Agarro todo lo que tengo que coger, Sara me sigue mirando en el interior de su bolso, por si se le olvida algo. Noto que saca su móvil y se pone a escribir en él. No le doy más importancia. Cojo las llaves de casa, las del coche y abro la puerta, ella sale primero. Paso doble cerradura a la puerta.

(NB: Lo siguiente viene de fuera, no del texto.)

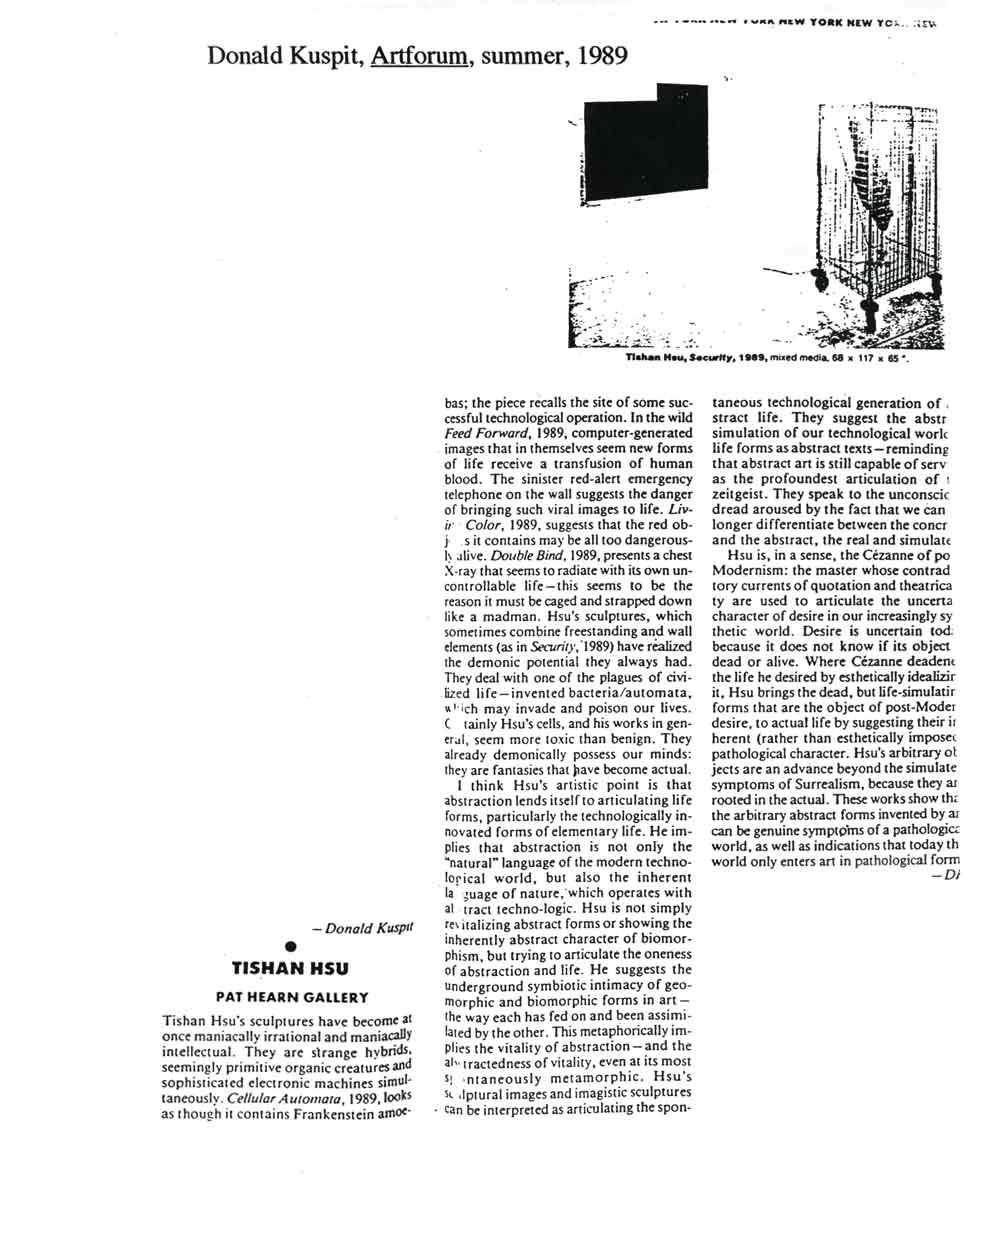 Tishan Hsu: Pat Hearn Gallery, article

Llegamos al garaje, mi SLK rojo nos espera, impecable como siempre, tan deportivo. Pero hoy no lo cojo para irme a disfrutar de las curvas de una carretera de montaña, no. Voy a un tanatorio llamado Altamira, a velar a mi querido amigo, y ahora fallecido, Héctor.

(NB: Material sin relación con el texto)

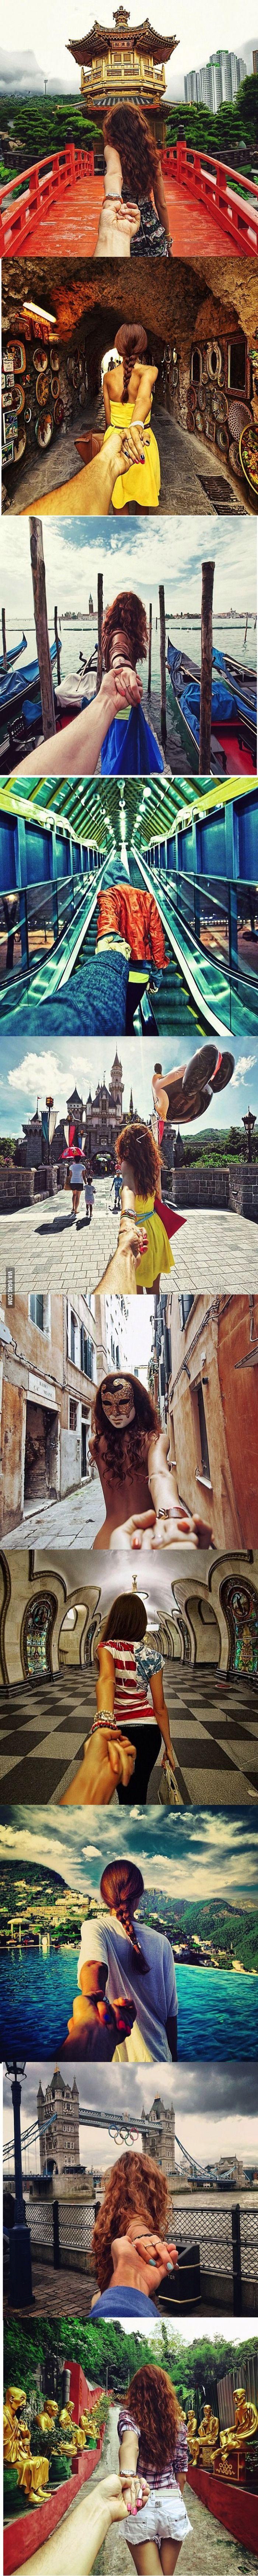 photographer's girlfriend leads him around the world - wonderful

Llegamos al lugar a eso de las 23:45. El camino ha sido silencioso, no hemos abierto la boca para decir ni una sola palabra. Se escuchaba la radio, no recuerdo ninguna de las canciones que han sonado. En mi cabeza sólo estaba él y la imagen de su cuerpo esparcido en pedazos por el tronco de la palmera. Aparco a pocos metros de la puerta, una puerta rodeada por un tumulto de gente, unas 15 o 20 personas. Al acercarnos, Paula sale corriendo hacia mí, llorando, saltando a mis brazos y gritando mi nombre y el de su hermano en voz alta, entre sollozos. Su madre, Concha, le sigue, más lentamente. Separo a Paula de mí y voy a abrazar a Concha, su cara está desencajada, sus ojos desdoblan un dolor, que parece tomar forma, un dolor palpable y nunca antes visto por estos ojos. Sara está tratando de consolar a Paula, frotando la mano en su espalda. Paula está encogida de hombros, con sus brazos cruzados sobre el pecho, mirando al suelo. Poco después aparece Ramón, su padre, de entre la gente. La mirada que cruzamos los dos es penetrante, de rabia, de apretar la mandíbula con tal fuerza, que los dientes tienen que soportar hasta casi partirse unos con otros. Me dirijo a él y el abrazo es a matar, como cuando te despides de alguien al que quieres demasiado, sabiendo que no le volverás a ver jamás, un abrazo que corta la respiración. Las manos de Ramón aprietan mi abrigo por detrás, oigo sus sollozos en mi oído derecho, cercanos, de hundimiento. Van acercándose otros familiares que conozco, sus primos, tíos y algún abuelo. Todos saben que soy su único y mejor amigo. Todos saben el dolor que padezco también, soy como uno más de la familia.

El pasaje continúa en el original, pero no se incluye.